Restrictions for applications under review
It is important to note that these rules apply only to existing licensees. Companies whose license applications are still under review cannot change their UBOs or other controlling persons until the process is complete. The CGA states that any such changes by applicants with pending applications will not be considered. Therefore, if the need to replace beneficiaries arises during the licensing process, you will either have to wait for a decision on the current application or submit a new one with an updated list of owners. This makes it impossible to circumvent the verification process.
Documents and procedure via the CGA portal
A licensee planning a change of ownership must officially notify the CGA and submit a specific set of documents. First, corporate materials are prepared: a draft share transfer agreement, an updated (certified) register of shareholders, and a new organizational structure of the company.
In addition, personal data must be submitted for each new ultimate beneficial owner (UBO) or other qualified shareholder for a background check. A questionnaire, a copy of the passport, proof of address, a certificate of no criminal record, and documents on the source of investment funds are uploaded via the CGA electronic portal. All these documents must be up to date (not older than 6 months) and duly certified. This provides CGA with a complete dossier for conducting due diligence.
After uploading the documents, the licensee opens a special request (ticket) in the CGA system, indicating their intention to change the ownership structure, operator name, and license number. Based on this request, the finance department issues an invoice for the fee in accordance with the official tariff.
Financial requirements and payment of fees
The CGA will only start looking at the request after the invoice is paid. The fee is €150 for each new UBO or qualified participant. If the new beneficiary is a publicly traded company, there’s a one-time payment of €2,551. Once the payment is received, the CGA does a full check on the new investors to make sure they’re trustworthy. Only after this check has been successfully completed will the regulator grant written permission to complete the transaction.
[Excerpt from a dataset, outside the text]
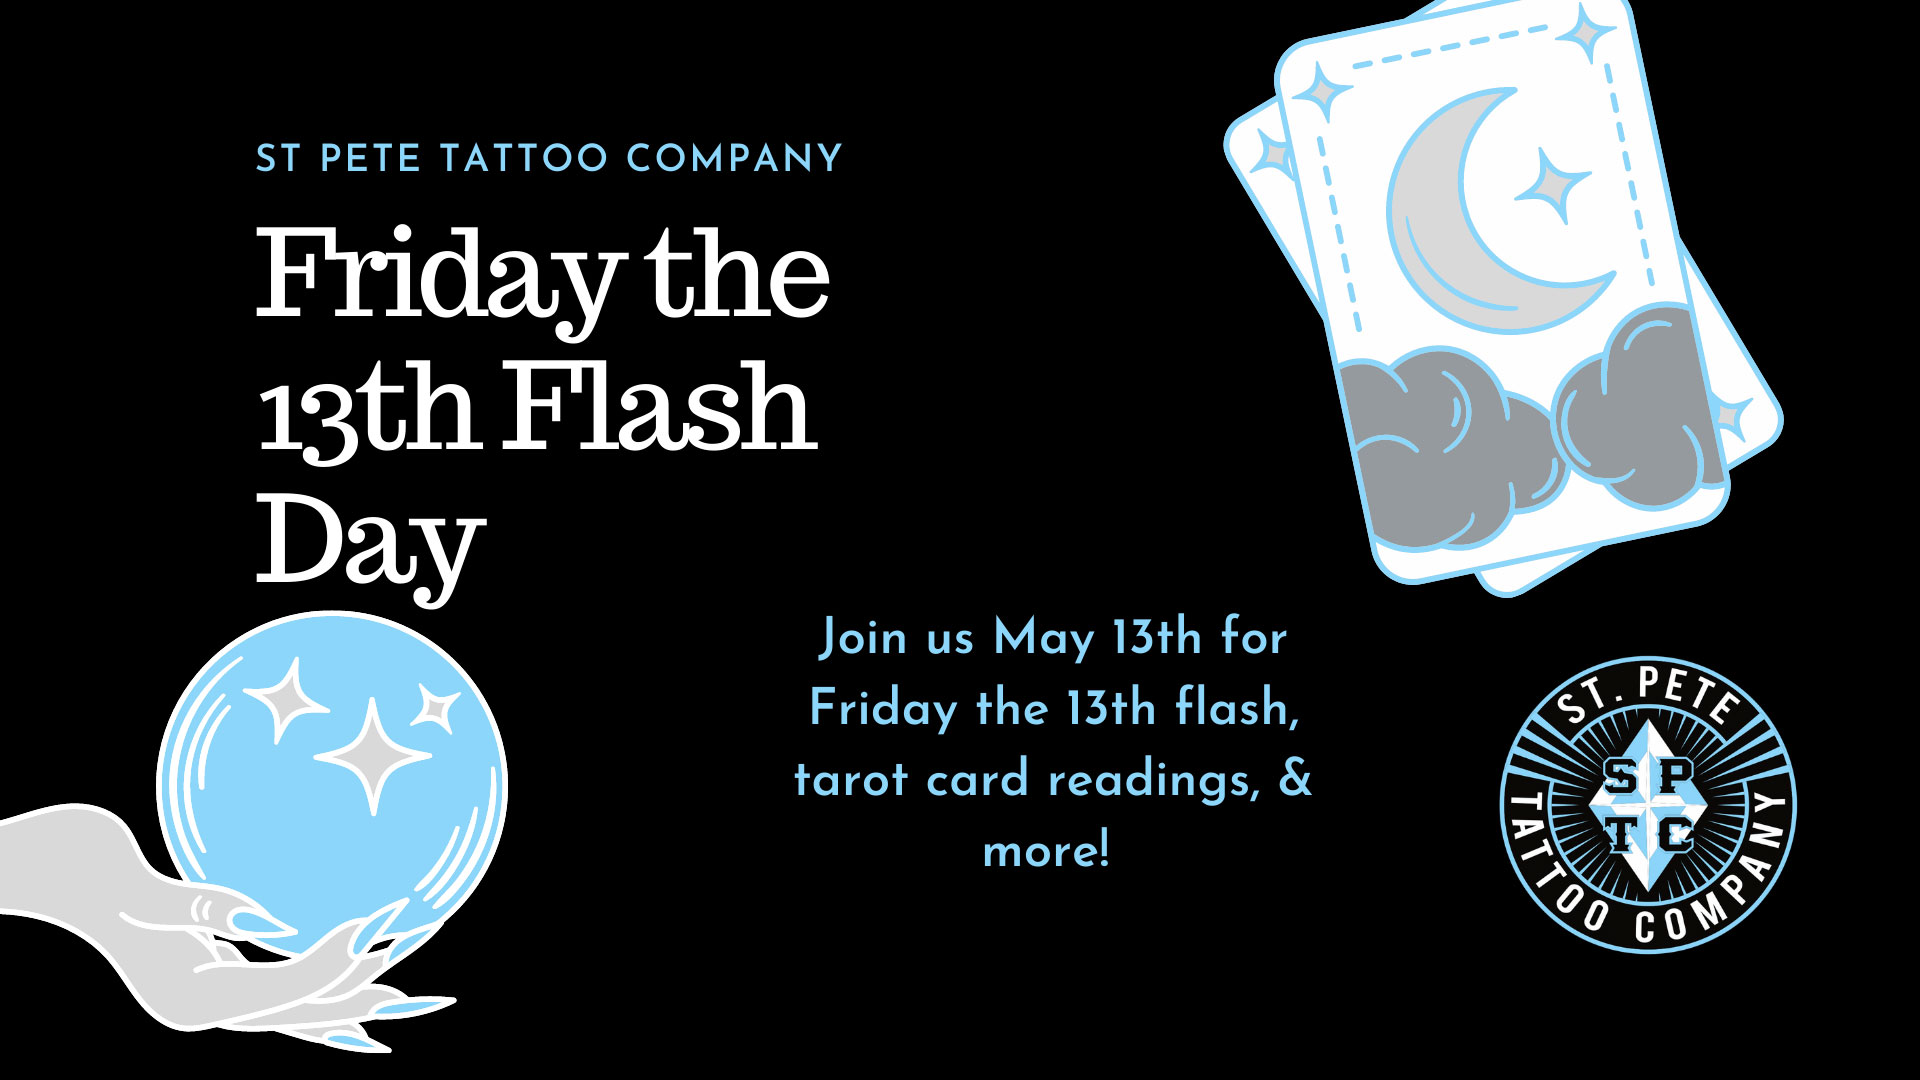 Friday the 13th Event at St. Pete Tattoo Company in St. Pete, Florida

Change of platform or business model: new application required
If the change of ownership is accompanied by a change in the company’s business profile (e.g., business plan or gaming platform), CGA requires a new license application to be submitted. In the event of such a radical change in the company’s activities, along with a change in UBO, the company must effectively reapply for a license. This ensures that even in the event of significant transformations, the operator will meet the criteria of the new law (LOK).
Transparency and reliability: why the market needs these changes
Stronger control over changes in ownership is intended to make the market more transparent and secure. Previously, such changes sometimes took place without proper supervision. Now, the CGA carefully checks each new investor, analyzing their reputation and financial condition. This reduces the risk of unscrupulous owners, money laundering, or other threats to players.
For companies, the new rules mean that M&A deals need to be planned more carefully. Operators preparing for a merger or acquisition will have to allow time for regulatory approval and document preparation. The process may take longer, but the deal will be more reliable: the approved transaction is guaranteed to be legitimate, and the new owners are verified. This increases trust and makes the market more attractive to reputable investors.
Thus, the requirement for prior approval of ownership changes demonstrates the CGA’s commitment to international standards and enhances confidence in the jurisdiction of Curaçao. A more transparent ownership structure and stricter supervision will make regulation more predictable, which will ultimately contribute to the stable development of the industry.